As the forecasts appear reasonable under the current environment, I’m expecting the contribution of economic factors to future provision expense will likely remain subdued. On the other hand, portfolio changes and the worsening of the credit quality of existing portfolios will likely drive provision expense. PNFP has high exposure to COVID-19-sensitive industries, including hotels, retail, and restaurants, which made up 22% of total loans at the end of the last quarter, as mentioned in the presentation. Moreover, according to details given in the earnings release, PNFP has deferred payments on 20% of total loans. The high proportion of loan deferrals shows that PNFP is facing substantial credit risk.
Considering the above factors, I’m expecting PNFP to report a provision expense of $243 million in 2020, up from $27 million in 2019.
Expecting Earnings of $3.70 per Share in 2020
Fees from PPP and lower provision expense will likely help earnings recover in the remainder of the year. Moreover, management expects income from Bankers’ Healthcare Group to remain elevated in the third quarter at the second quarter’s level, as mentioned in the presentation. Consequently, I’m expecting earnings to more than double in the second half of the year compared to the first half. For the full year, I’m expecting PNFP to report earnings of $3.70 per share, down 29% from last year. The following table shows my income statement estimates.
PNFP Offering a High Upside and an Unattractive Dividend Yield
I’m using the average price-to-book multiple, or P/B, for the first half of 2020 to value PNFP. In my previous report, I took the average of P/B multiples since 2017 to determine the justified multiple for the target price. However, the company’s profitability is unlikely to return to pre-pandemic levels in the next couple of years; therefore, I believe it’s appropriate to take the average for the first half of 2020 only. The following tables show the actual and expected return on equity and the actual P/B multiples.
Multiplying the June 2021 forecast book value per share with the average P/B multiple gives a target price of $50.1 for the middle of next year. This target price implies an upside of 23% from PNFP’s August 5 closing price. The following table shows the sensitivity of the target price to the P/B multiple:
PNFP also offers a low dividend yield of 1.6%, assuming the company maintains its quarterly dividend at the current level of $0.16 per share. There is very little threat of a dividend cut because the earnings and dividend estimates suggest a payout ratio of just 17%. Additionally, management mentioned in the conference call that they currently did not intend to cut dividends.

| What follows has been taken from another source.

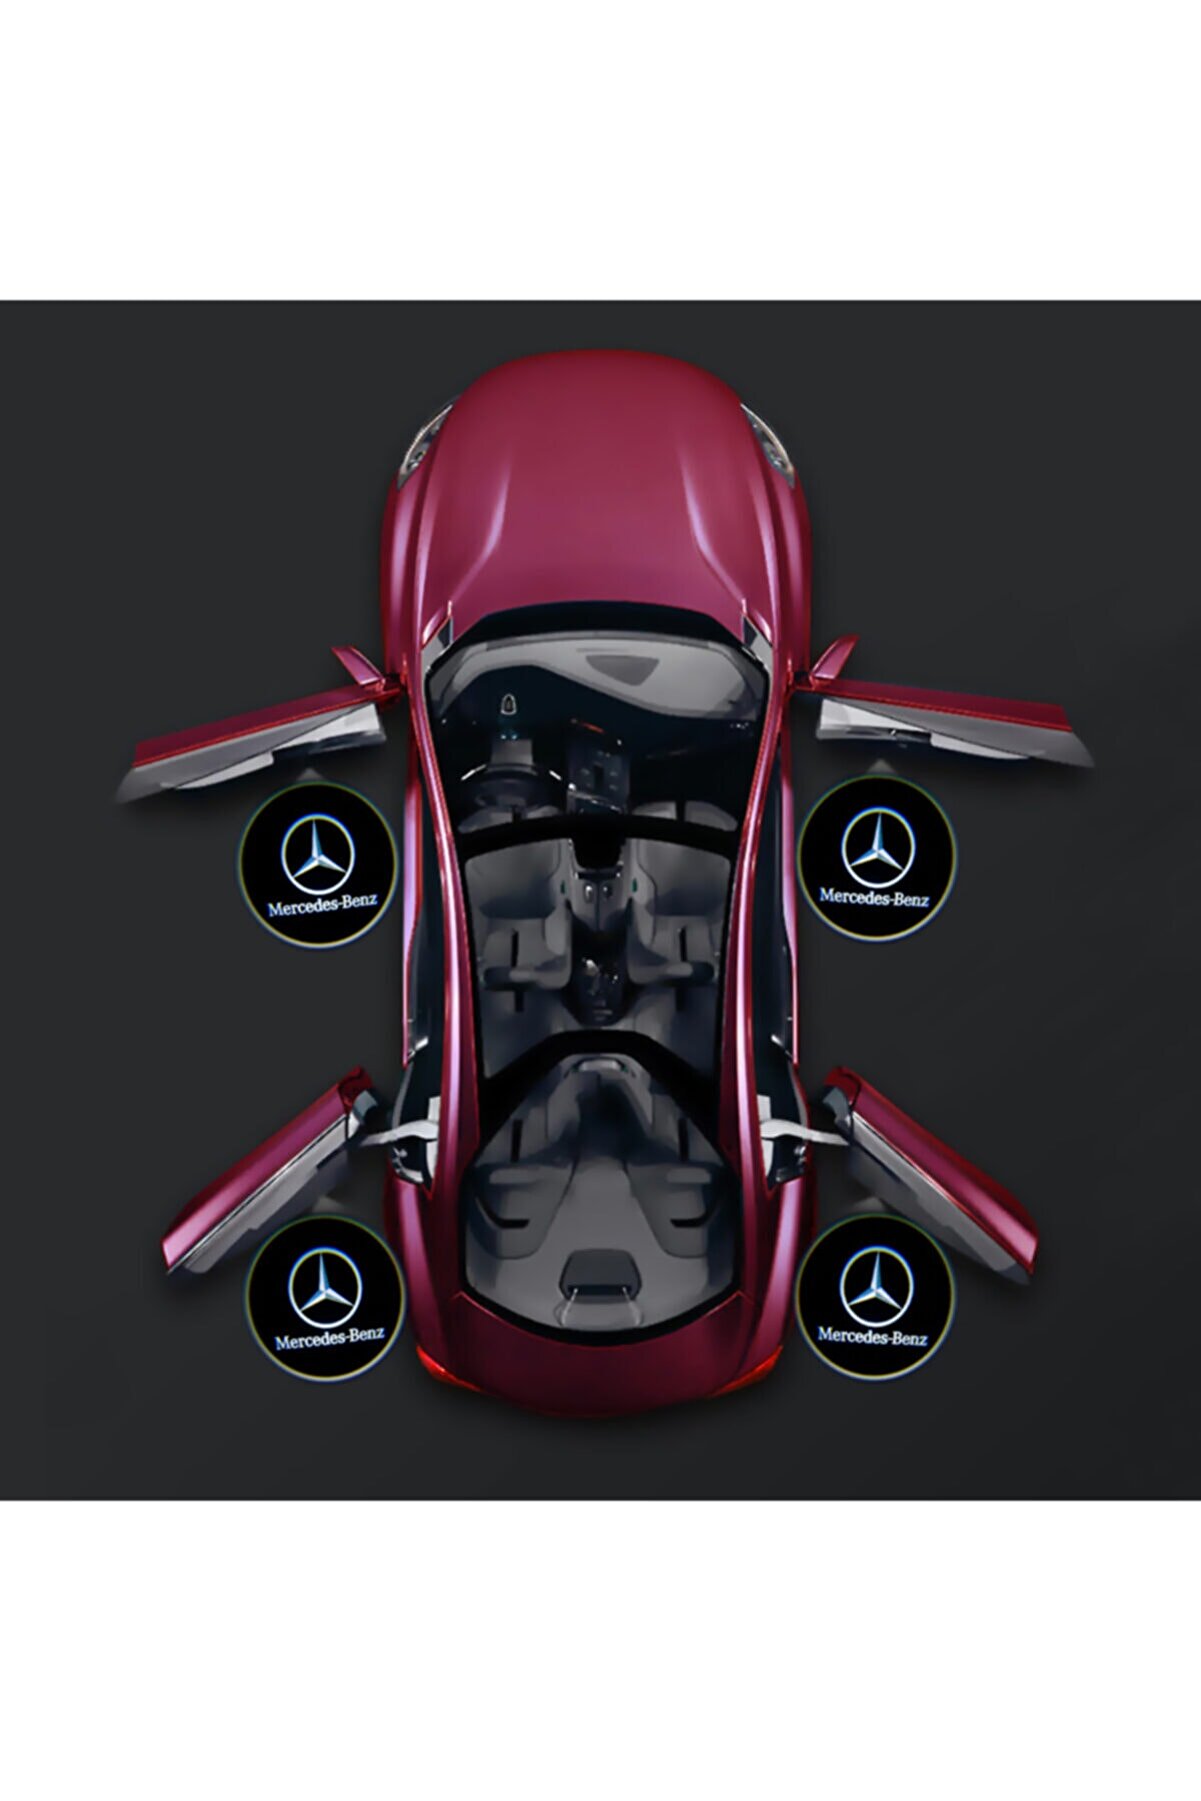 Waxen Mercedes Kapı Altı Pilli Led Logo Hd Lens Karanlık Ve Mesafe Sensörlü Led Işıklı Lamba

High Credit Risks Justify a Neutral Rating
PNFP is currently facing a high level of credit risk because around 22% of the company’s total loans are to COVID-19-sensitive industries. Moreover, PNFP has deferred payments on around $4.4 billion worth of loans, representing 20% of total loans. Due to the risks, there is a chance that provision expense will exceed its estimate, leading to a negative earnings surprise. The high level of credit risk will likely keep the stock price subdued in the near term regardless of the attractive valuation; hence, I’m adopting a Neutral rating on PNFP.